Digital modulation systems use a finite number of distinct signals to represent digital data. Phase-shift keying (PSK) is a digital modulation scheme that conveys data by changing, or modulating, the phase of a reference signal (the carrier wave). PSK systems use a finite number of phases, each assigned a unique pattern of binary bits. Each pattern of bits forms a symbol that is represented by the particular phase. A demodulator, which is designed for the symbol-set used by a modulator, determines the phase of the received signal and maps it back to the symbol it represents, thus recovering original data. This requires the receiver to be able to compare the phase of a received signal to a reference signal.
Alternatively, instead of using the bit patterns to set the phase of a wave, a PSK system can instead change the phase of the wave by a specified amount. The demodulator determines the changes in the phase of a received signal rather than the phase itself. Since such a system relies on the difference between successive phases, it is termed differential PSK (DPSK). DPSK can be significantly simpler to implement than ordinary PSK since there is no need for the demodulator to have a copy of the reference signal to determine the exact phase of the received signal (it is a non-coherent scheme), but produces more erroneous demodulations.
Binary PSK (BPSK) uses two phases which are separated by 180°. Constellation points can be treated as if at 0° and 180° on an axis because it does not particularly matter exactly where the constellation points are positioned. Variations include quadrature PSK (QPSK), offset QPSK (OQPSK), π/4-QPSK, higher order PSK, etc.
Quadrature amplitude modulation (QAM) is both an analog and a digital modulation scheme. QAM conveys two analog message signals, or two digital bit streams, by modulating the amplitudes of two carrier waves, using the amplitude-shift keying (ASK) digital modulation scheme or amplitude modulation (AM) analog modulation scheme. These two waves are out of phase with each other by 90° and are thus called quadrature carriers or quadrature components. The modulated waves are summed, and the resulting waveform is a combination of both PSK and amplitude-shift keying, or in the analog case of phase modulation (PM) and AM. In the digital QAM case, a finite number of at least two phases and at least two amplitudes are used. PSK modulators are often designed using the QAM principle, but are not considered as QAM since the amplitude of the modulated carrier signal is constant.

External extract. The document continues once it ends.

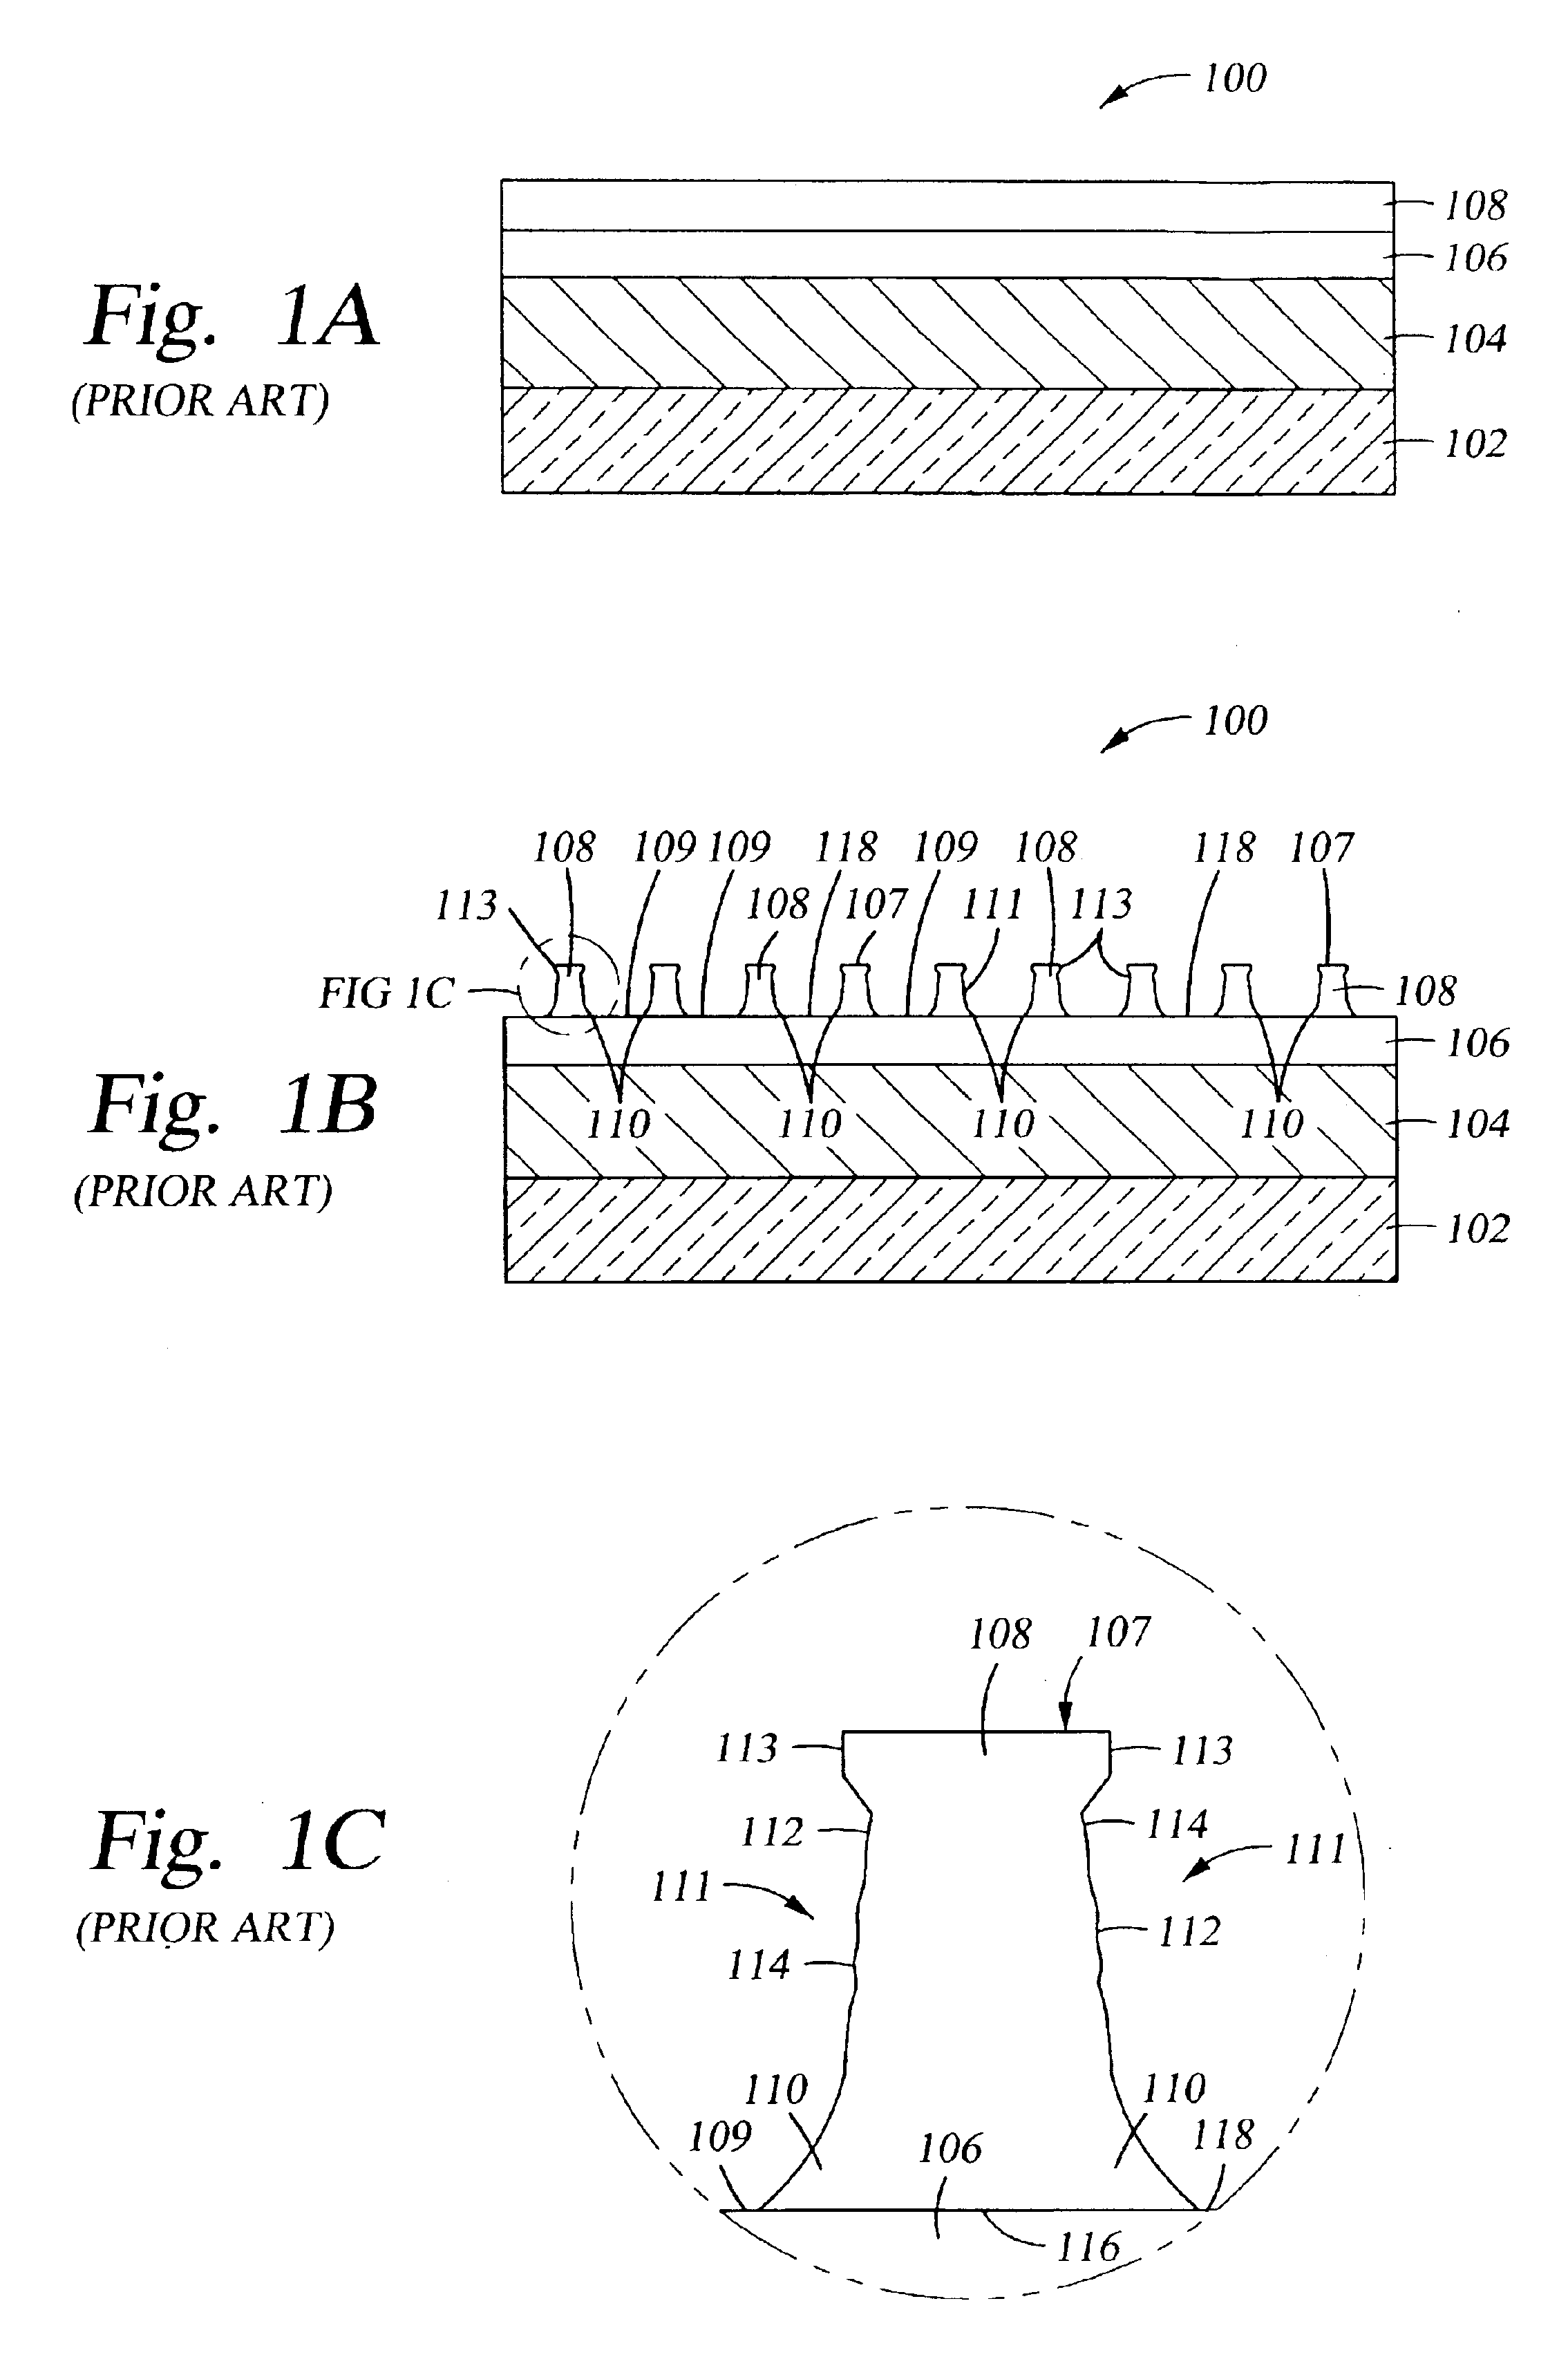 Apparatus for reshaping a patterned organic photoresist surface

A low-density parity-check (LDPC) code is a linear error correcting code, a method of transmitting a message over a noisy transmission channel, and is constructed using a sparse bipartite graph. LDPC codes are capacity-approaching codes, which means that practical constructions exist that allow a noise threshold to be set very close to the theoretical maximum (the Shannon limit) for a memory-less channel. The noise threshold defines an upper bound for the channel noise up to which the probability of lost information can be made as small as desired. Using iterative belief propagation techniques, LDPC codes can be decoded in time linear to their block length. Low Density Parity Check Codes, Number 21 in Research monograph series, R. Gallager, 1963—MIT Press, Cambridge, Mass. is incorporated by reference.